25 Eylül 2013 Çarşamba

Devletin Bekası, MHP ve Bahçeli


Deniz Ülke Arıboğan Hoca’nın şu cümlelerine dikkatinizi çekerim:

“Daha önce Türklüğünü vurgulama ihtiyacı hissetmeyen kesimlerde bile ‘ben Türküm’ vurgusunun güçlendiğini görmek mümkün. Buna yol açan belli başlı sebepler de bazı semboller üzerinden yürütülen zamansız ve izansız tartışmalar. Türk bayrağı, TC amblemi, anayasadaki Türk milleti tanımı gibi marjinal tartışmalar sanki konunun özüymüş ve herkes böyle düşünüyormuş gibi gündeme getirildikçe bu ateşin büyümesi kaçınılmaz. Medyanın bayıldığı bu tür tartışmalar koca bir toplumu ateşe atıyor farkında olan yok.
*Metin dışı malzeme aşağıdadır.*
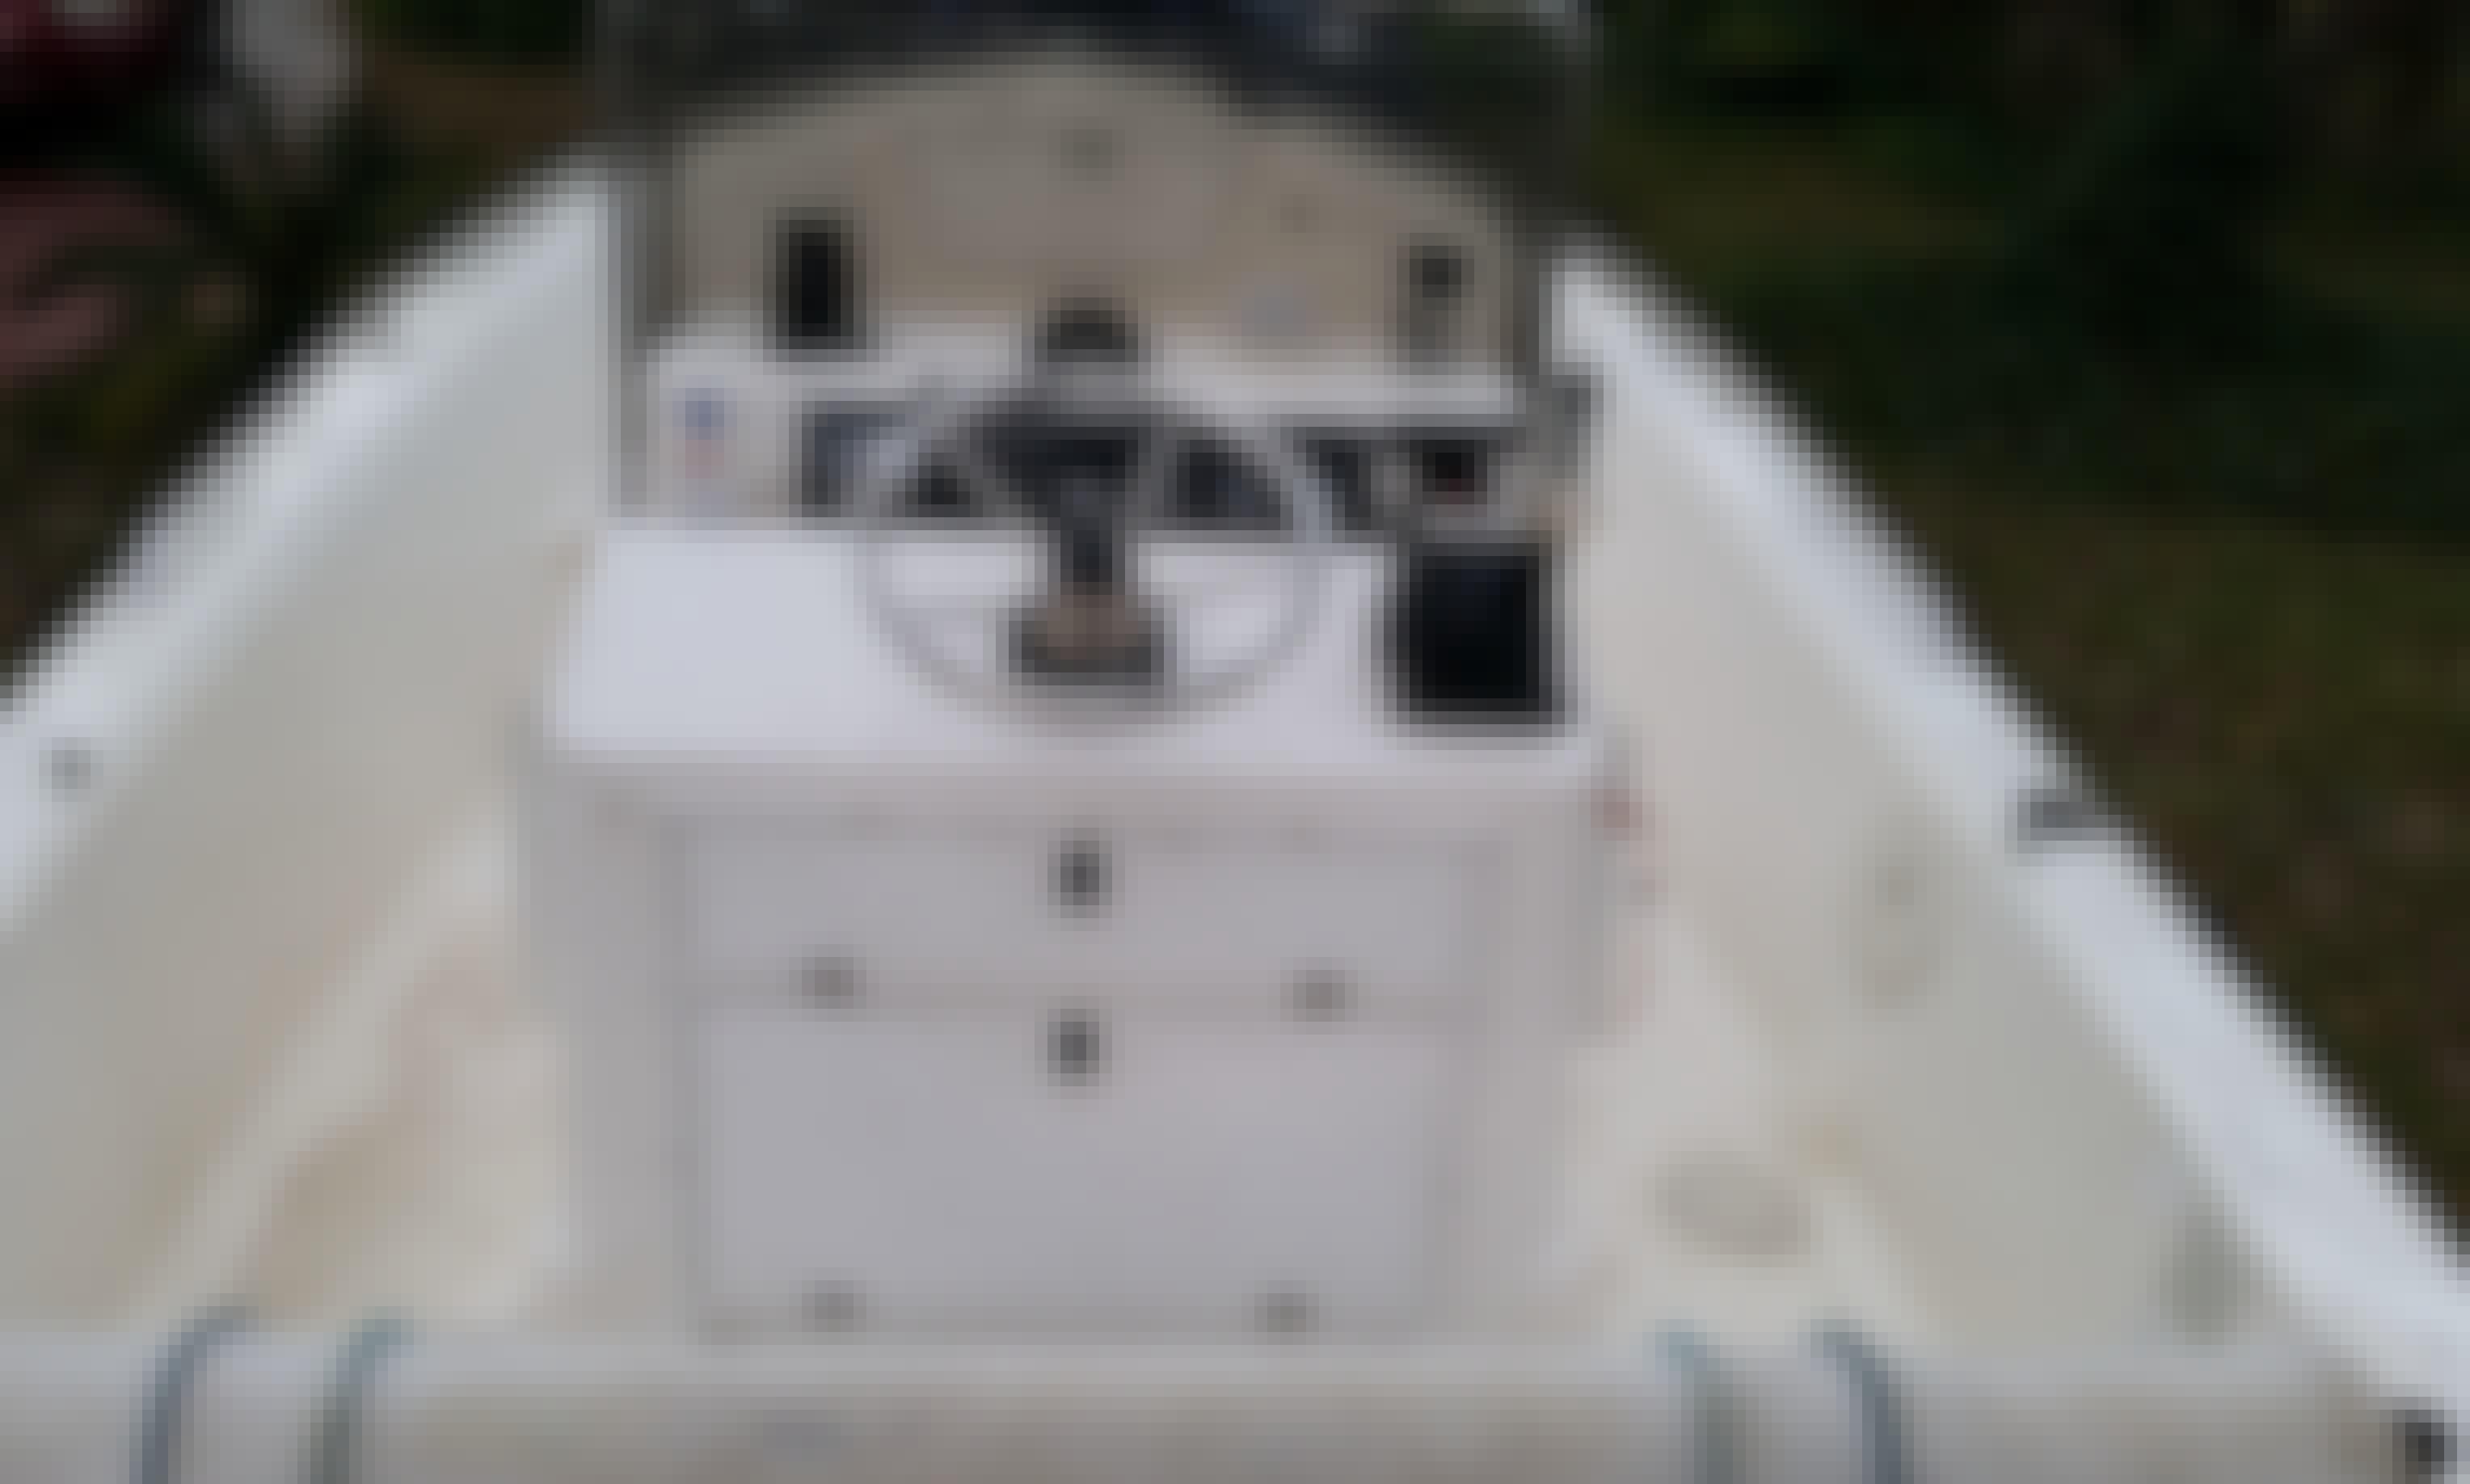 Aquasport Osprey 175 Center Console for Rent in Seville, Florida

Sokaklar hala hareketlenmediyse bunda Devlet Bahçeli’nin rolünü göz ardı etmemek gerekiyor. Tepkinin saldırganlaşma yoluna girmesini engelleyecek her yolu deniyor. Tepkinin akillere yöneltilmesi bile kanımca bu stratejinin bir parçası. Lakin tüm sorumluluk da bir tek kişinin omuzlarına yüklenemez. Kaldı ki, Türk kimliği konusunda AKP tabanındaki duyarlılık MHP’den daha düşük değil. Herkesin sorumluluk alması gerekiyor.” (Akşam, 17 Mayıs 2013)

Bu notu Mayıs ayında almış ve bir kenara atmışım. Dönüp geriye doğru bakınca ne görüyoruz? Değişiklik yok. Ancak, araya hızlı ve şimdiki durumundaki beklenmeyen bir şekilde Ortadoğu Mısır ve Suriye meseleleri girdi, Türkiye ve üzerinde bulunulan çözüm süreci unutturuldu. Televizyonlarda, neredeyse Türküm demenin suç olduğu, faşizan bir söylem olduğu zırvalamalarından, ekranlarda ağlayan siyasilerin resimlerinin tartışıldığı ortamlara taşındı siyasal konuşmalar. Gezi Parkı olayları sırasında da benzer yorumlar çok yapıldı. Kim ne derse desin, Hükümet talepleri medya için emir niteliğinde. İktidar yetkilileri bir söylese, medyada günlerce gündemde tutulup, beyinler yıkanıyor. Arada bir, yukarıdaki paragrafta olduğu gibi düşüncelerde yok değil çok şükür. Lakin Deniz Hoca’nın cümleleri dikkatle okunursa, çözüm sürecinin geciktirildiği, Kürt milliyetçiliğinin karşılığında Türk milliyetçiliğinin güçlendirildiği gibi eleştirel düşünce sonuçları da çıkmaktadır.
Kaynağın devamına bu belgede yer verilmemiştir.